The president's inability to work with the opposition doomed even his legislative accomplishments. It resulted in bad legislation emerging via some of the worst partisan maneuvers, foremost among which was Obamacare, which Hugh condemns early and often.  

On the foreign policy front, Obama's naiveté has made the world more dangerous, according to Hugh.

The case levels 24 very serious charges at the president, beginning with Domestic Policy Failures in Part I, comprising 1. Obamacare, 2. The stimulus, 3. stimulus 2.0, 4. spending and deficits, 5. housing, 6. unemployment, 7. energy, 8. Dodd-Frank, 9. Fast and Furious, and 10. attacks on Catholics. Part II is an indictment of the president's handling of foreign affairs, comprising chapters 12. Israel, 13. American military spending, 14. Russia, 15. Iraq and Afghanistan, 16. The US-Mexico border, 17. China, 18. North Korea, 19. The Arab Spring, and 20. Gitmo and terrorist trials. The final five chapters are dedicated to Barack Obama's failures of leadership.  

Hugh has done a great service in explaining President Obama's failures so succinctly and starkly. "This book is about facts," he writes in the Introduction. "A book about facts written by a long time lawyer and law professor."

Each chapter (titled differently than I have described them above) begins with statements made by Obama, often in the form of a promise. Hugh proceeds to dismantle any claim the president has to accuracy or good faith, and usually in less than four pages.

"Does this chapter even need writing, or does the title say everything about the hopeless, dangerous, naiveté of the president and the ideological extremists populating his Department of Justice?"

Thus begins Chapter 20, "Gitmo and the Trials of Terrorists," but it could equally begin any chapter in the book. Indeed, there are so many broken promises that major ones—like, "If you like your health-care plan, you will be able to keep your health-care plan. Period."—seem diluted and trivial.

Transcending all of the serious charges against the president's competence is the breach of transparency, a theme Candidate Obama turned to often in his criticisms of rivals.
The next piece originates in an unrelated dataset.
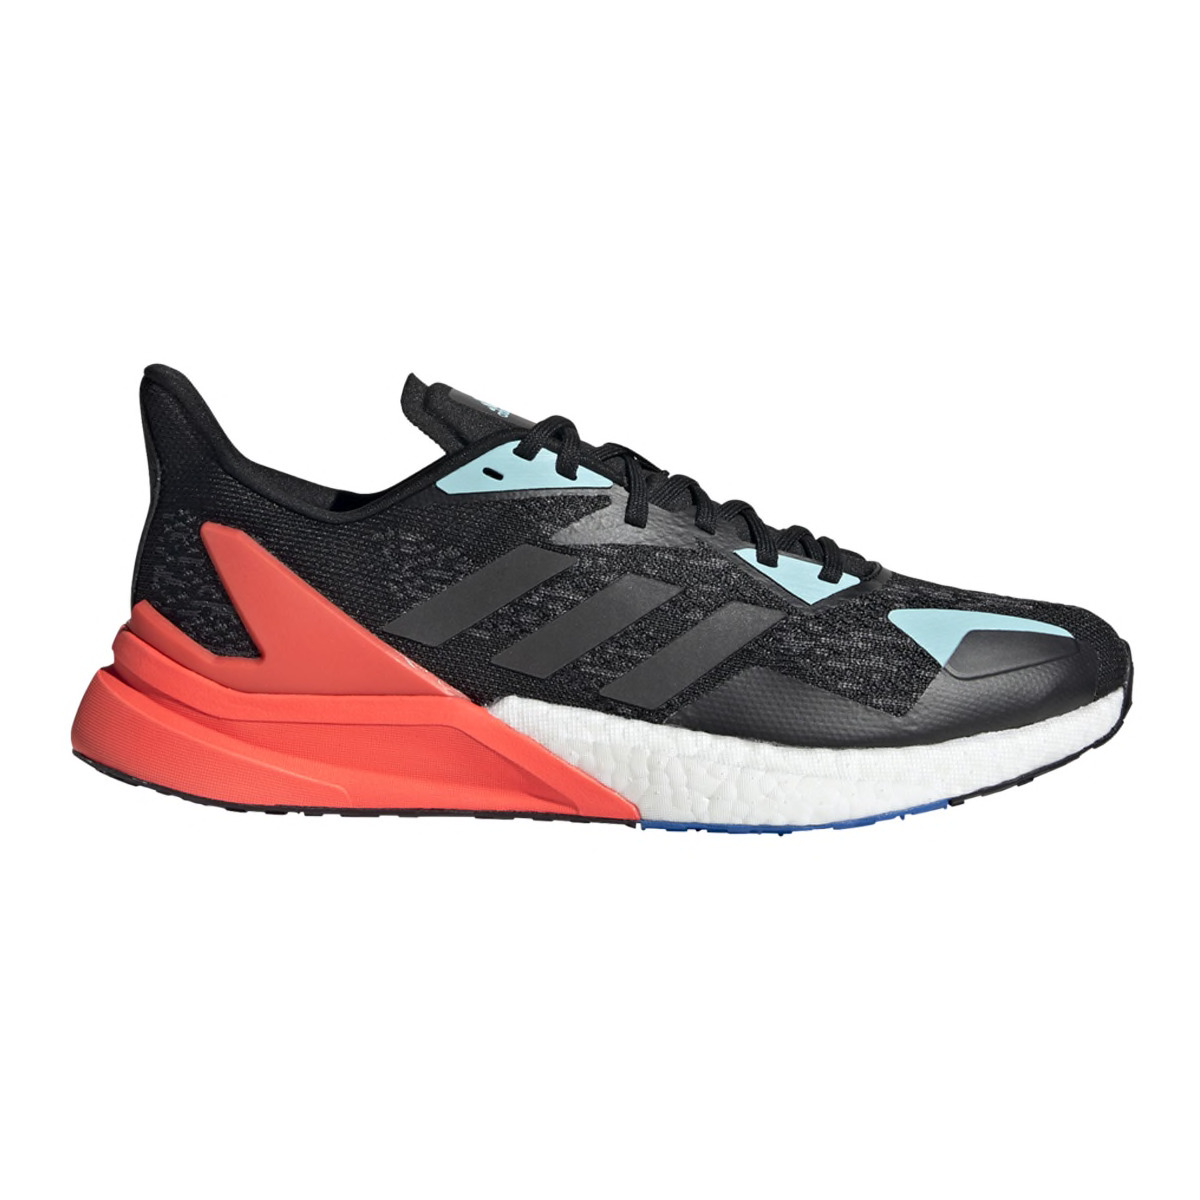 Zapatillas casual de hombre X9000L3 adidas Originals

Nearly every failure is accompanied by some combination of backroom dealing, bad faith negotiation, cover-up, and end runs around congressional oversight, all of which Hugh lays out cogently.

The Brief Against Obama is not a flawless broadside, however. Hugh's criticisms, though mostly backed by solid research, are occasionally interrupted by indulgences in rhetoric and hyperbole, at which he is skilled. En toto the case is strong, though in its weakest parts the author embellishes with polemics that might satisfy a right wing audience, while leaving a fence sitter sitting.

Chapter 8, "The 'Dodd-Frank' Head-Fake: Inmates Keep the Asylum," for example, was light on specifics. What did Obama have to do with it the law that most conservative think is disastrous? And why, specifically, is it bad for the American economy? The chapter is long on invective, but will fall short of convincing Obama's supporters and independents.

Likewise, Chapter 16, which deals with the US-Mexico border, contains plenty of accusations but little evidence. "Ignoring the Border" makes the claim that President Obama has summarily abandoned our southern frontier. Of course the president disagrees, which Hugh points out. A jury would have a hard time finding definitively for one side or the other in the he-said, he-said dispute over enforcement effectiveness.

Finally, Chapter 10, "The President's Attacks on Catholics, Congress, and the Constitution" is missing a discussion of Obama's recess appointments. An otherwise compelling chapter, its opening paragraph is the only one explaining how the president made the controversial appointments while the Congress was objectively not in recess. Not to include a lengthier argument about the illegitimacy of such an action was a missed opportunity.